I begin by examining the biological ground truth of multi-omics data, identifying "transcriptional bursting" as a driver of discordance between the proteome and transcriptome. This analysis exposed the inherent limitations of traditional 2D workflows to capture spatial biological realities, motivating the development of SpatialVisVR. By utilizing extended reality (XR) to visualize massive multiplexed datasets and integrating deep learning for contextual similar-patient search, I demonstrate that spatial computing significantly expands the cognitive bandwidth available to clinicians for data exploration.
Addressing the security implications of this digital transformation, I investigate the vulnerability landscape of the Vision Language Models (VLMs) that underpin modern pathology. I present the first successful adversarial attack against the Pathology Language-Image Pretraining (PLIP) model, achieving a 100% misclassification rate with imperceptible perturbations. This investigation establishes that trustworthiness is a prerequisite for deployment, necessitating robust defense mechanisms based on attention map interpretability before AI can be safely integrated into clinical loops.
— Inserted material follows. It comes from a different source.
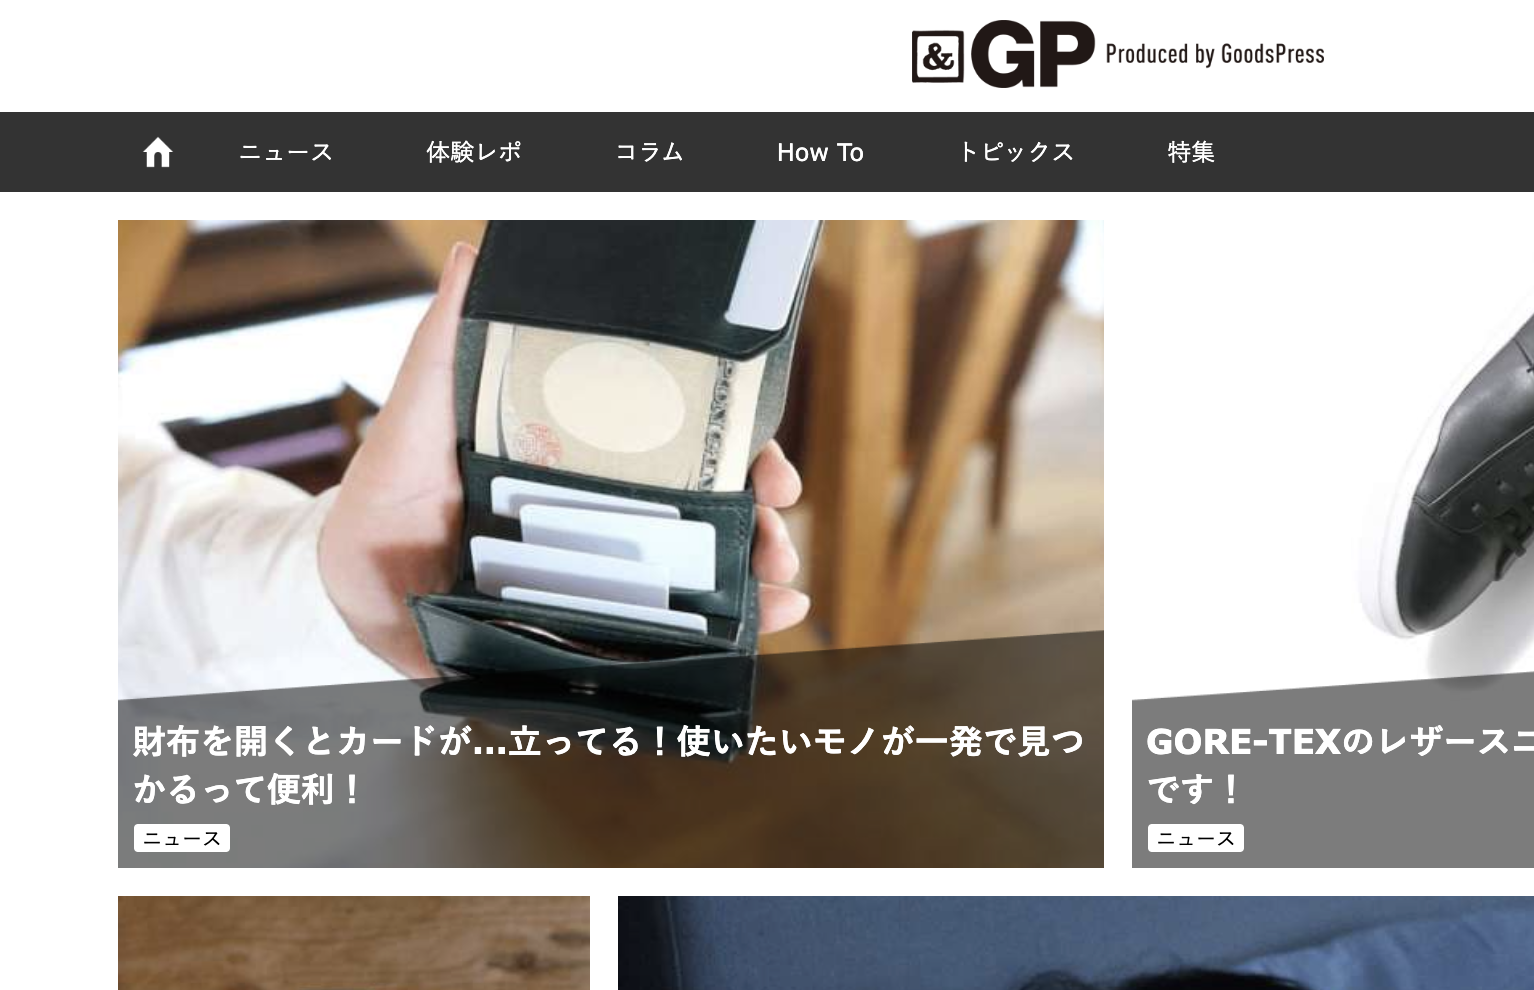 「GoodsPress」のWebメディア「＆GP」 にマイクロウォレットSU liscio®︎を掲載頂きました！

Building upon these visualization and security methodologies, I engineered PathVis, a mixed-reality platform that embeds multimodal conversational agents directly into the pathologist’s spatial environment. To demonstrate the future capabilities of such foundational models within this ecosystem, I explored two distinct avenues: AI for Ophthalmology and PaliGemma for Ocular Segmentation. Through the Ophthalmology initiative, I showcase how fine-tuned models move beyond passive analysis to active reasoning, improving diagnostic accuracy from 10% to 80% across nine retinal disease categories and demonstrating the capacity to diagnose rare pathologies. Concurrently, I utilized PaliGemma for segmentation and high-fidelity parsing of ocular features such as Iris, Pupil, & Sclera.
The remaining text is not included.